Action Scheduler
Action Scheduler is a background processing library that ships with WooCommerce (and many extensions) to run work later or off the request—think “do_action()
on a timer or ASAP, but not blocking page loads.” Instead of relying on transient, best-effort hooks, it provides a proper job queue with persistence, logging, retries, and tooling.
Under the hood, each action records a hook name, arguments, schedule, and optional group in dedicated database tables ({prefix}_actionscheduler_*
). A runner claims due actions (so they’re not double-processed), executes them, records status and logs, and reschedules if they’re recurring or retriable. This design scales far better than firing heavy tasks during a user’s page request and is resilient across cache layers, PHP timeouts, or traffic spikes.
Jobs are triggered by WP-Cron, a real server cron calling wp-cron.php
, or WP-CLI (recommended for high volume). Because storage is in custom tables, lookup and processing are faster and more reliable than stuffing everything into wp_options
or waiting on ad-hoc transients. Typical uses include webhook delivery, subscription renewals and payment retries, email digests, inventory syncs, migrations, and any long-running process you don’t want tied to the front-end response.
Where you see it in WooCommerce
WooCommerce → Status → Scheduled Actions lists pending, complete, failed, and canceled jobs, with tools to run or delete them.
How it works (high level)
- Triggers: WP-Cron automatically; you can also process via WP-CLI.
- Storage: Tables like
{prefix}_actionscheduler_actions
,_claims
,_groups
,_logs
. - Statuses: pending, complete, failed, canceled.
- Locking: “Claims” prevent two runners from executing the same action.
- Args delivery: Actions are fired via
do_action_ref_array( $hook, $args )
. Each element of$args
becomes a parameter; if you pass a single associative array, your callback receives that array as the first argument.
Core scheduling API
// 1) Run once in 60s
$id = as_schedule_single_action( time() + 60, 'lc_send_followup', ['order_id' => 123], 'emails' );
// 2) Recurring hourly (guard against duplicates)
if ( ! as_has_scheduled_action('lc_cleanup') ) {
as_schedule_recurring_action( time(), HOUR_IN_SECONDS, 'lc_cleanup' );
}
// 3) Cron-like (daily at 03:00)
as_schedule_cron_action( time(), '0 3 * * *', 'lc_nightly_jobs' );
// 4) Fire ASAP (non-blocking)
as_enqueue_async_action( 'lc_do_async', ['id' => 42] );
// 5) Unschedule / query
as_unschedule_all_actions( 'lc_cleanup' );
$ids = as_get_scheduled_actions([
'hook' => 'lc_send_followup',
'status' => ActionScheduler_Store::STATUS_PENDING,
'per_page' => 20,
'return_format' => 'ids',
]);
WP-CLI essentials
- Run the queue now (optionally target hooks/groups, tweak batch size):
wp action-scheduler run --group=woocommerce --batch-size=200
- Clean old rows (e.g., shorten retention window):
wp action-scheduler clean --before='14 days ago' --status=complete,failed
- Explore more:
wp action-scheduler --help
Best practices
- Use real cron or CLI for production sites with volume.
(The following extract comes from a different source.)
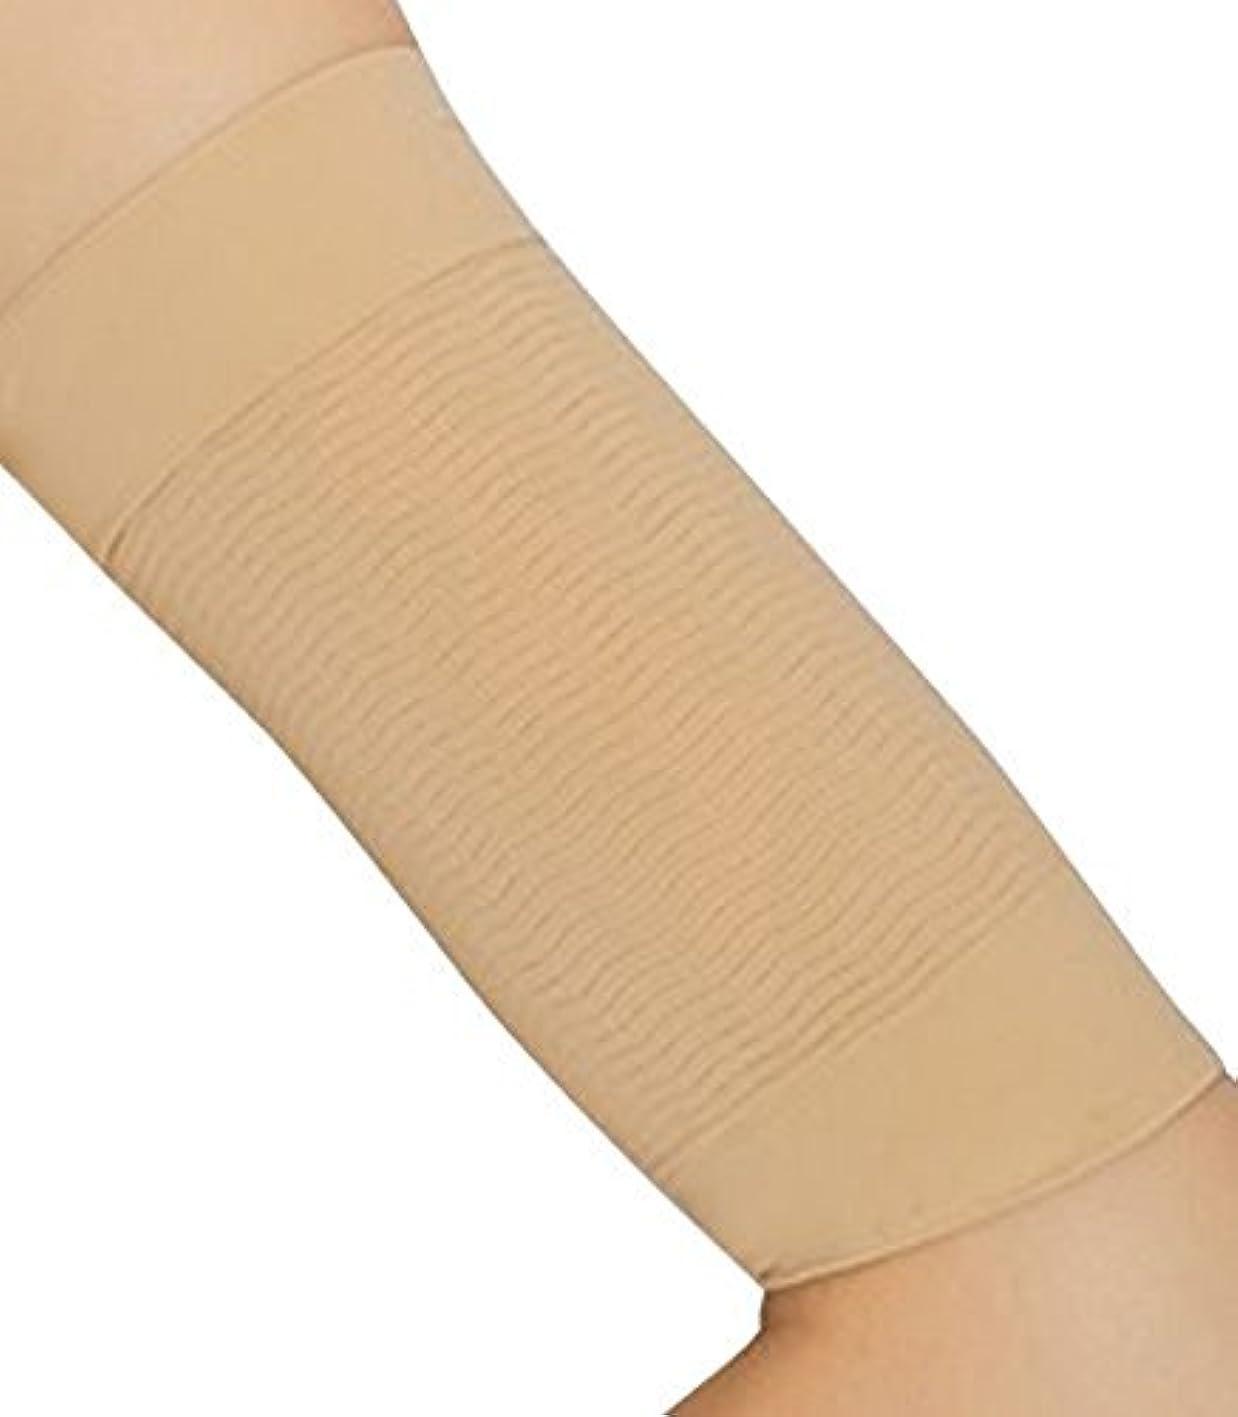 緩める受益者歌詞CREPUSCOLO 二の腕引き締め! 二の腕シェイパー 二の腕 引き締め 二の腕痩せ ダイエット 二の腕ダイエット インナー シェイプアップ 脂肪燃焼 セルライト 加圧下着 (ベージュ)

- Group related actions for easier filtering and targeted runs.
- Guard against duplicates with
as_has_scheduled_action()
or the$unique
flag. - Monitor backlogs in WooCommerce → Status → Scheduled Actions.
- Prune table bloat periodically (default retention is ~1 month).
Troubleshooting
- Backlog or “past due” → verify WP-Cron is firing, switch to a server cron/CLI runner, or manually run pending actions.
- Actions not firing → confirm the hook callback is registered when the runner executes (e.g., after plugins load).
- Large args → keep payloads small; store big data elsewhere and pass references/IDs.